Duplicate PCRs for any given samples (i.e., having the same barcodes) were transferred into a 1.5 mL tube and purified using Agencourt AMPure XP Beads (Beckman Coulter Inc.). DNA concentrations were determined via Qubit^TM 2.0 fluorometer and adjusted to 2 nM. All libraries were pooled and sequencing was performed in paired-end mode (2 × 275 cycles) using a MiSeq platform (Illumina).

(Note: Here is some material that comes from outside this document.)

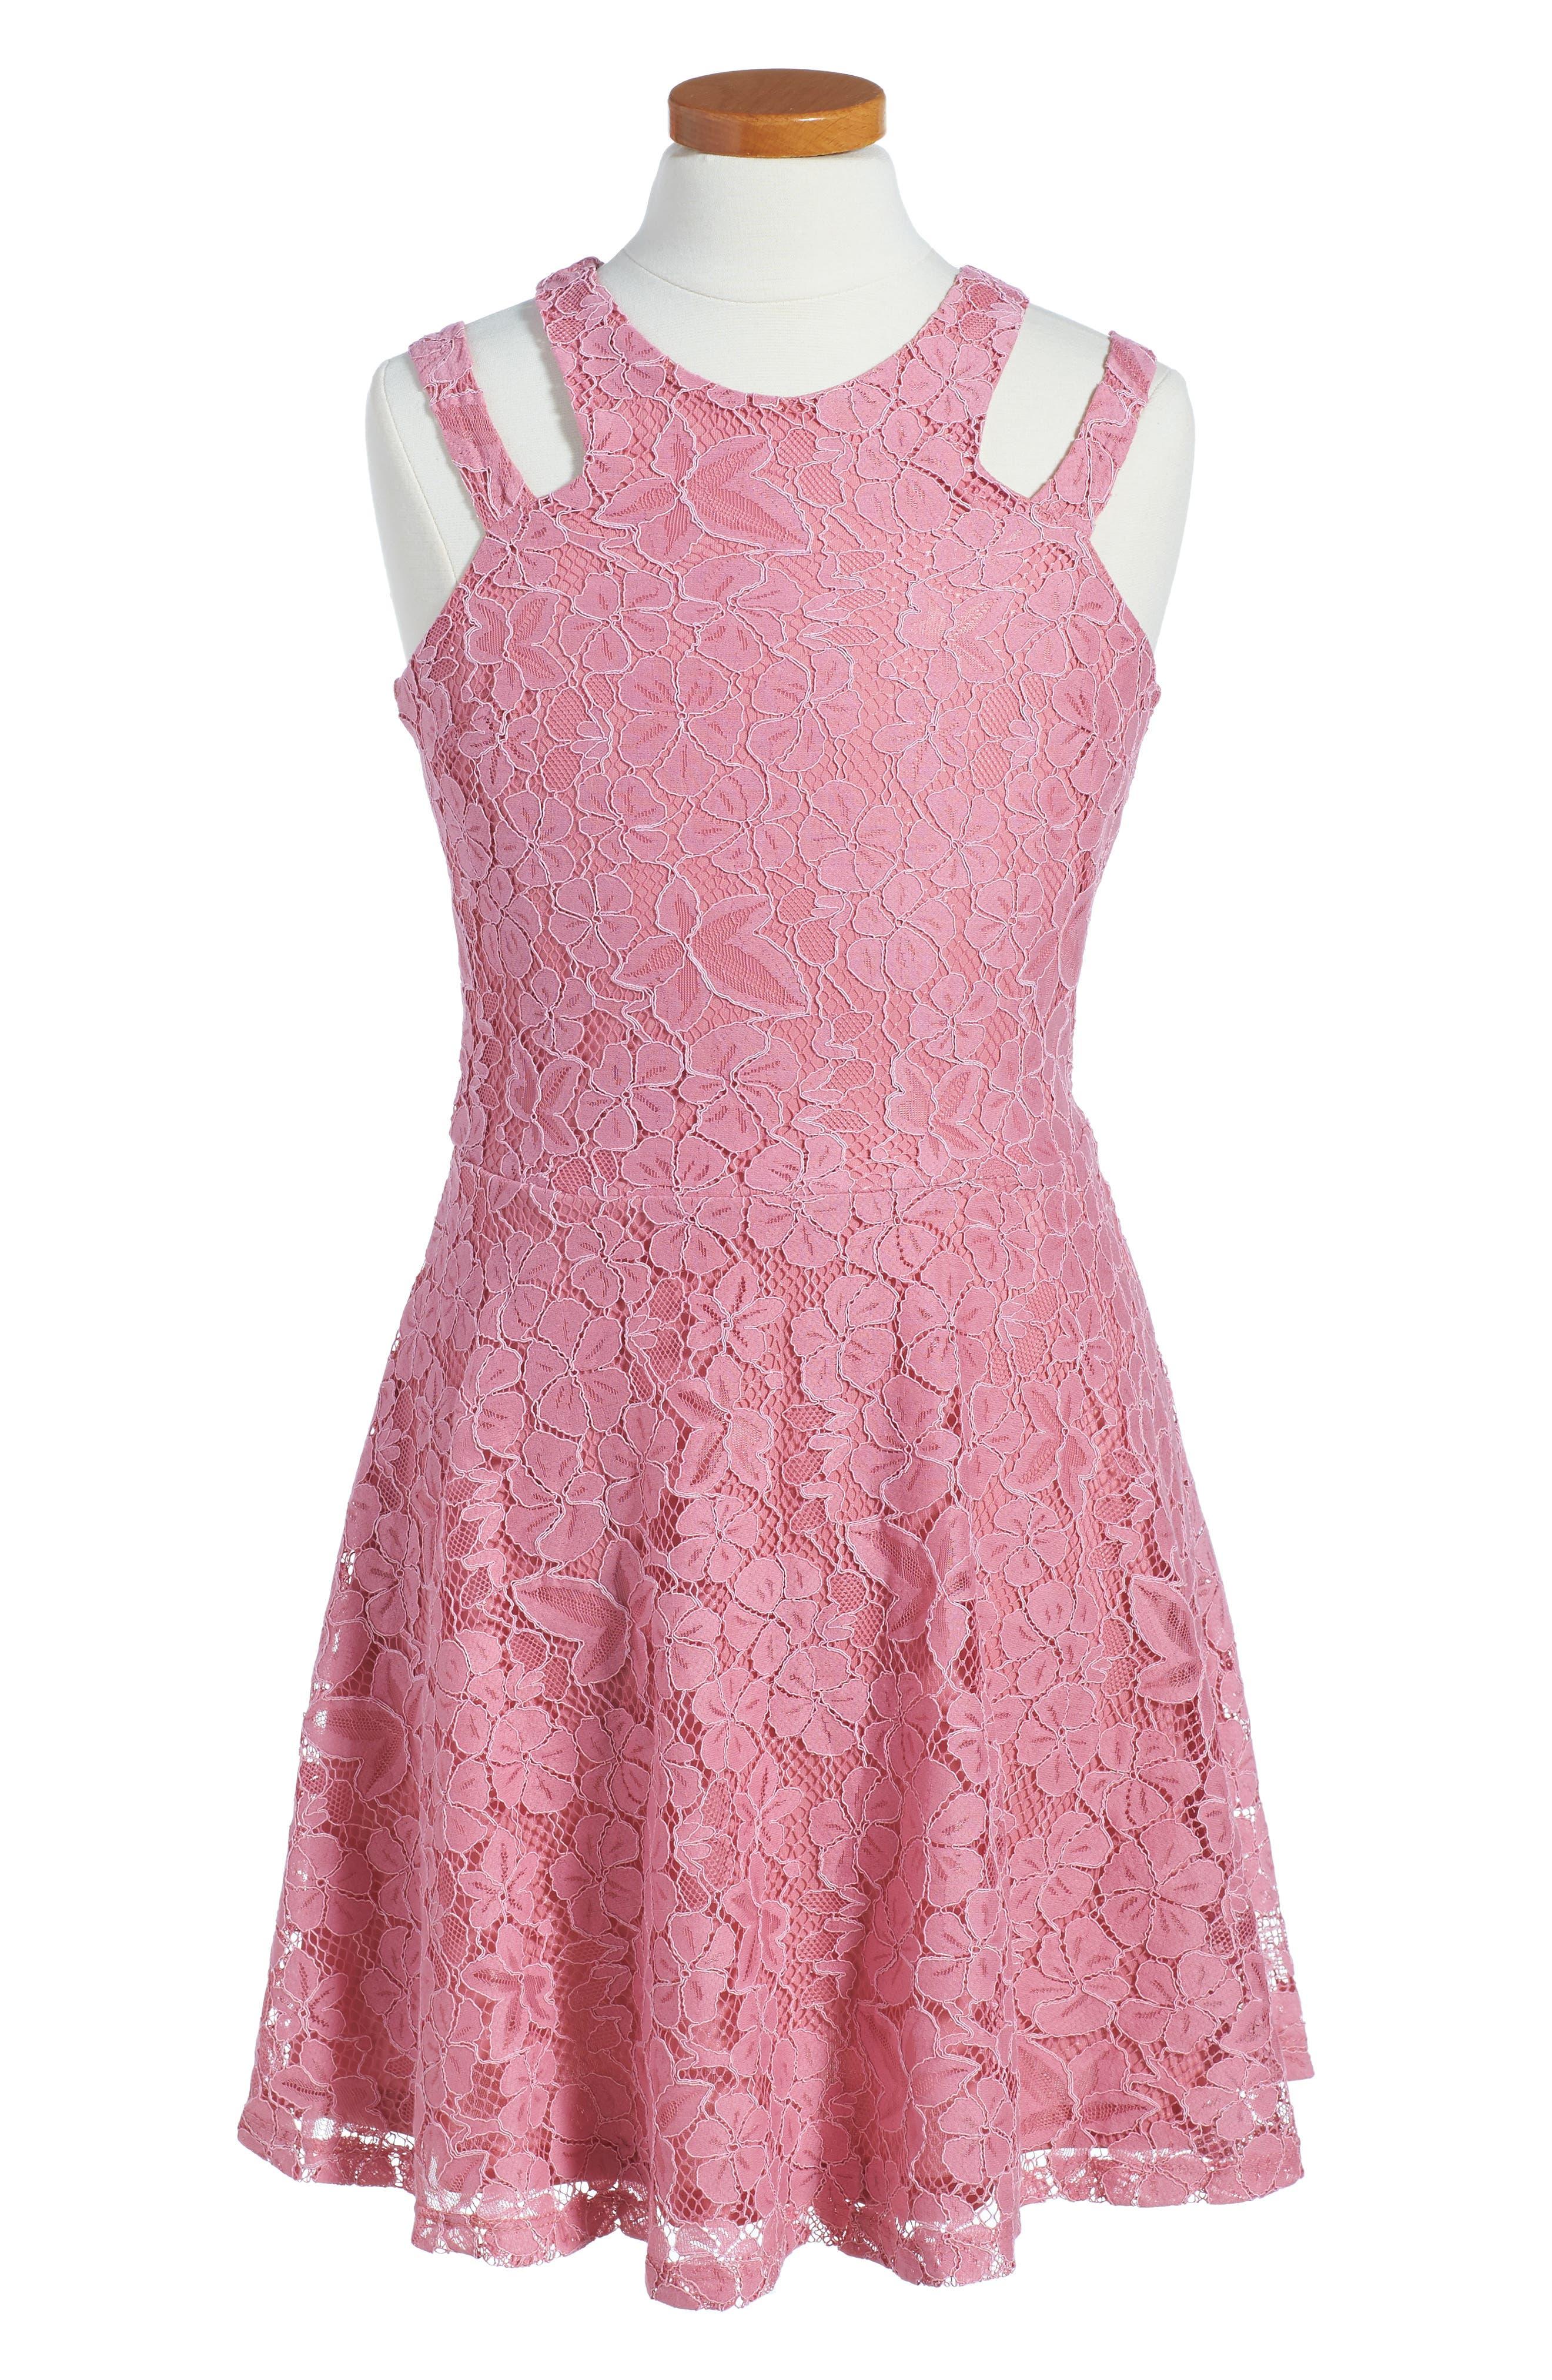 Main Image - Penelope Tree Lace Sleeveless Dress (Big Girls)

Raw reads were processed using the IMNGS pipeline (Lagkouvardos et al., 2016) based on UPARSE (Edgar, 2013). After demultiplexing, forward and reverse reads were merged and trimmed by five nucleotides on each end. Chimera filtering was done using UCHIME (Edgar et al., 2011). Operational Taxonomic Units (OTU) clustering (97% identity) was performed by USEARCH 8.0 (Edgar, 2010) and OTUs occurring at a relative abundance <0.05% in all samples were discarded. Taxonomical identification was assigned using the RDP classifier (Wang et al., 2007) and diversity analyses were done in Rhea (Lagkouvardos et al., 2017). Relative abundances of OTUs were normalized to account for differences in sequence depth and α-diversity was assessed on the basis of species richness as well as Shannon and Simpson diversity indices. As automated identification may be imprecise and often terminates at higher ranks, 487 OTU sequences not assigned to a genus were manually identified at the genus level (95% similarity) using EzBiocloud (Yoon et al., 2017). OTUs for manual identification were selected according to the following criteria: all OTUs that were identified only to the phylum level or above, all OTUs belonging to families detected by culturing, and the 100 most abundant OTUs in each sample. ß-diversity was computed for both the culture-dependent and -independent results based on generalized UniFrac distances (Chen et al., 2012) and visualized in a phylogram based on the Ward’s minimum variance method (Murtagh and Legendre, 2014).